Data excerpts:
--------------------------------

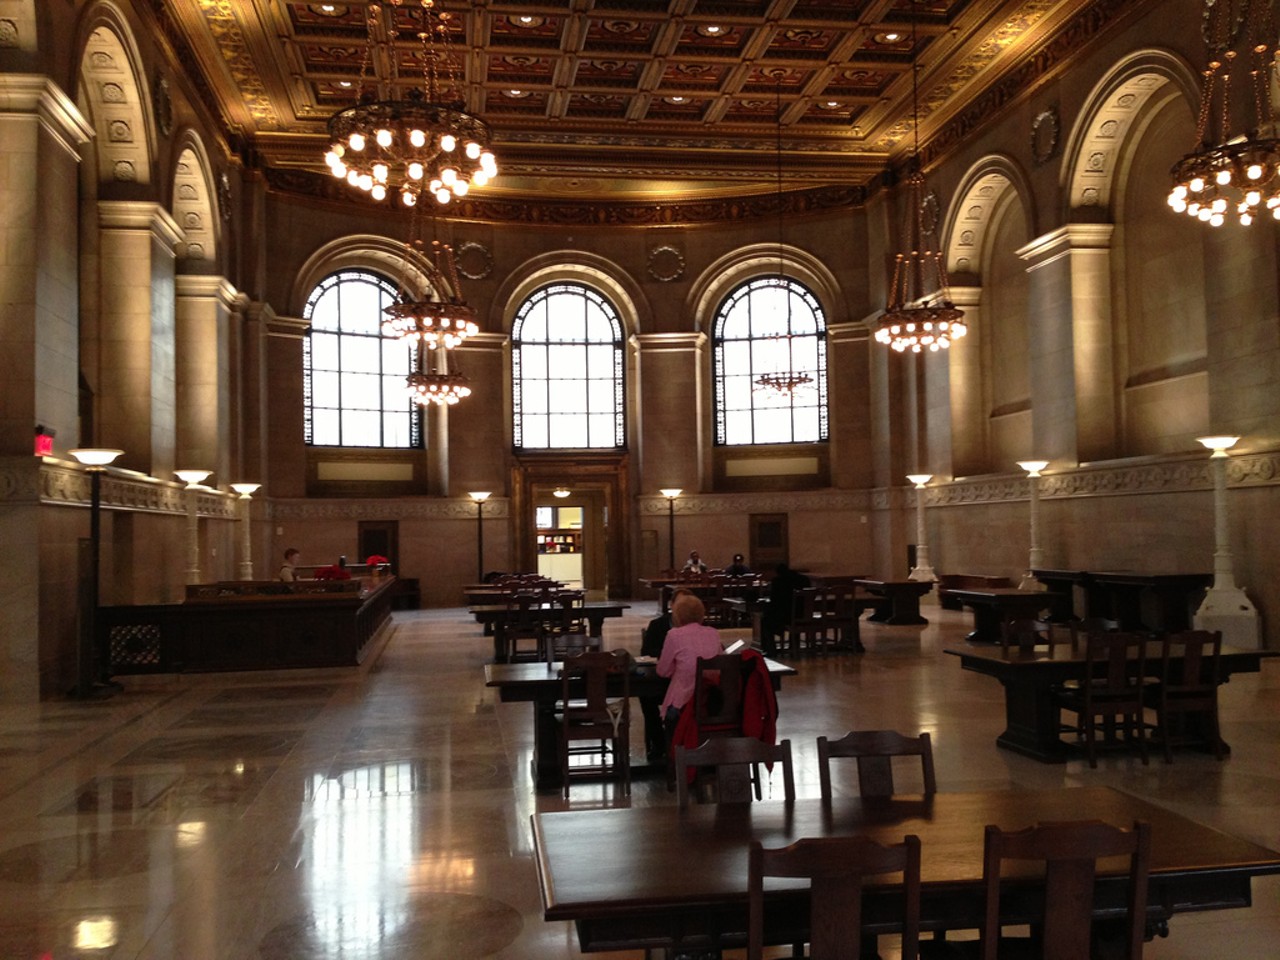 Entertain your inner bookworm at St. Louis Public Library.
1301 Olive Street
St. Louis, MO   63103
(314) 241-2288
If books aren't up your alley, you can still have fun exploring the building -- it's simply breathtaking thanks to a $70 million restoration. You can even take a tour to get more of the scoop on this amazing landmark. Photo courtesy of Flickr / Chris Yunker.
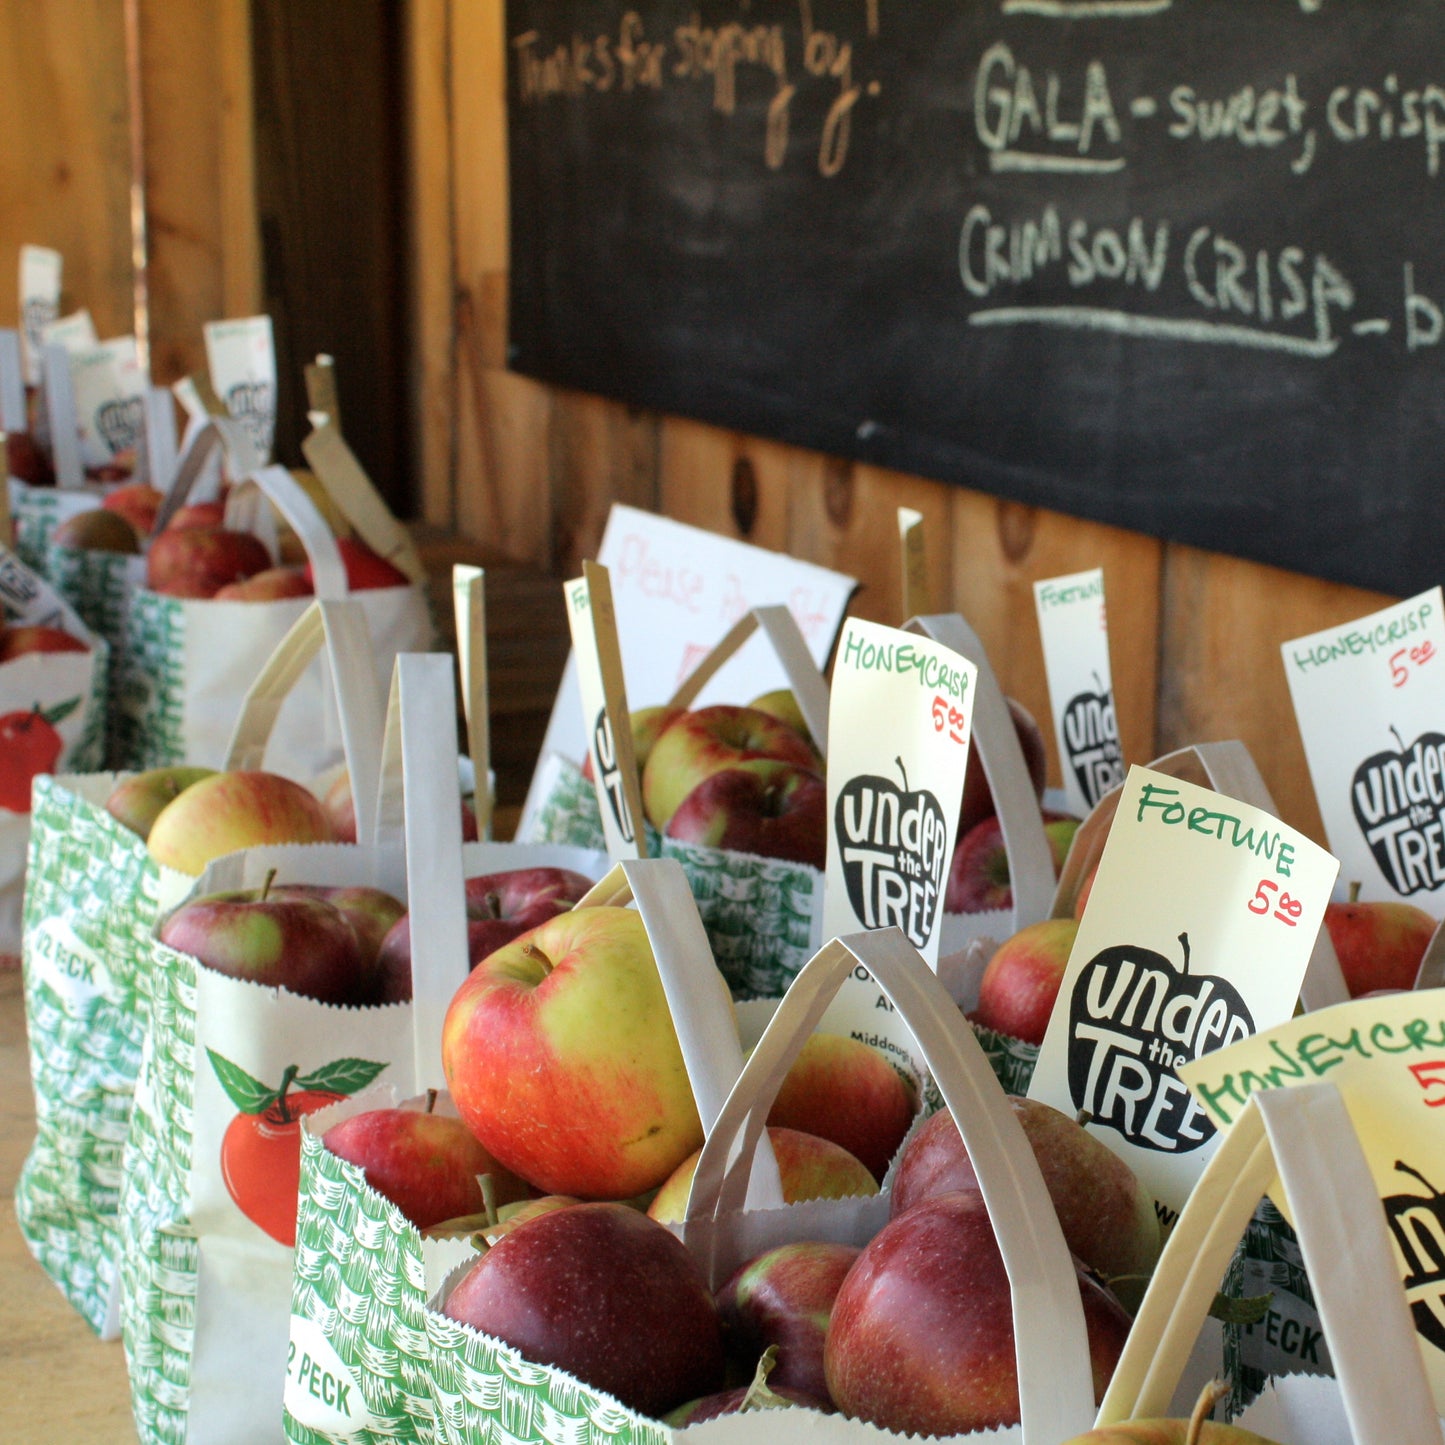 The farmstand is open and full of apples!
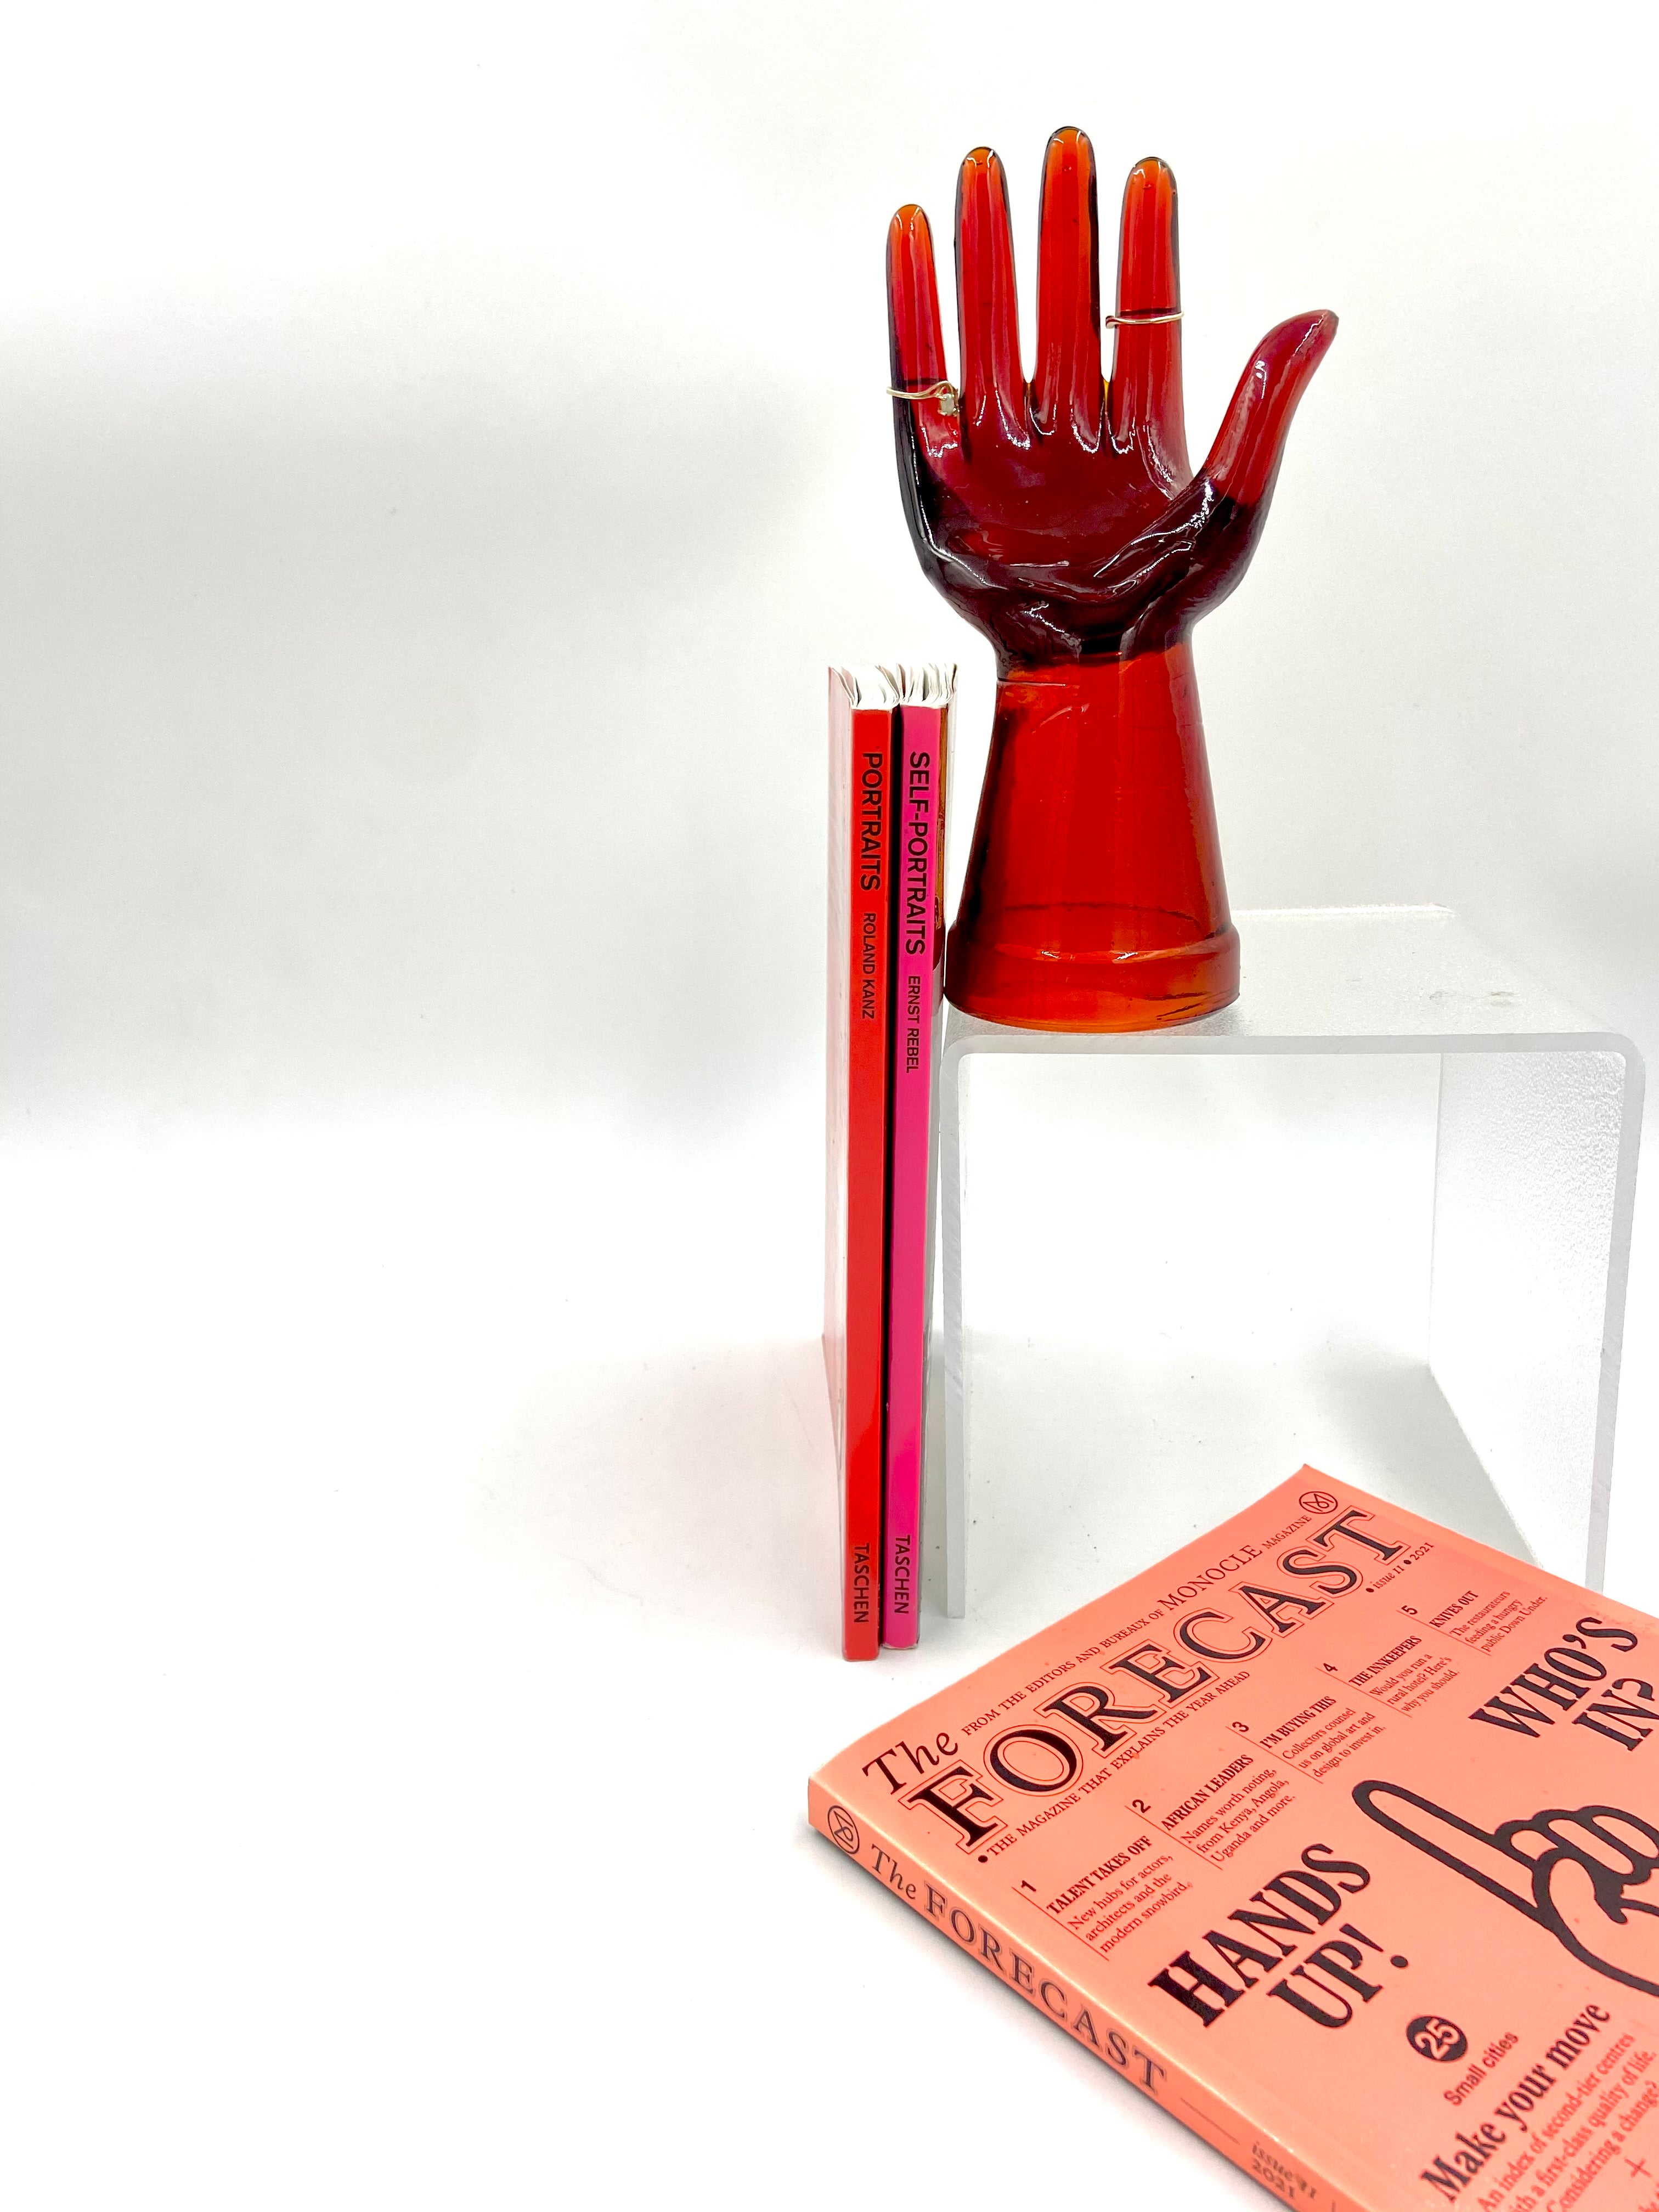 Red glass hand

--------------------------------

> **REQUIRED WORK**
The entries above are to be copied exactly, with every picture left out.

> **SOLUTION FOR THIS TASK**
 Entertain your inner bookworm at St. Louis Public Library.
1301 Olive Street
St. Louis, MO   63103
(314) 241-2288
If books aren't up your alley, you can still have fun exploring the building -- it's simply breathtaking thanks to a $70 million restoration. You can even take a tour to get more of the scoop on this amazing landmark. Photo courtesy of Flickr / Chris Yunker.
 The farmstand is open and full of apples!
 Red glass hand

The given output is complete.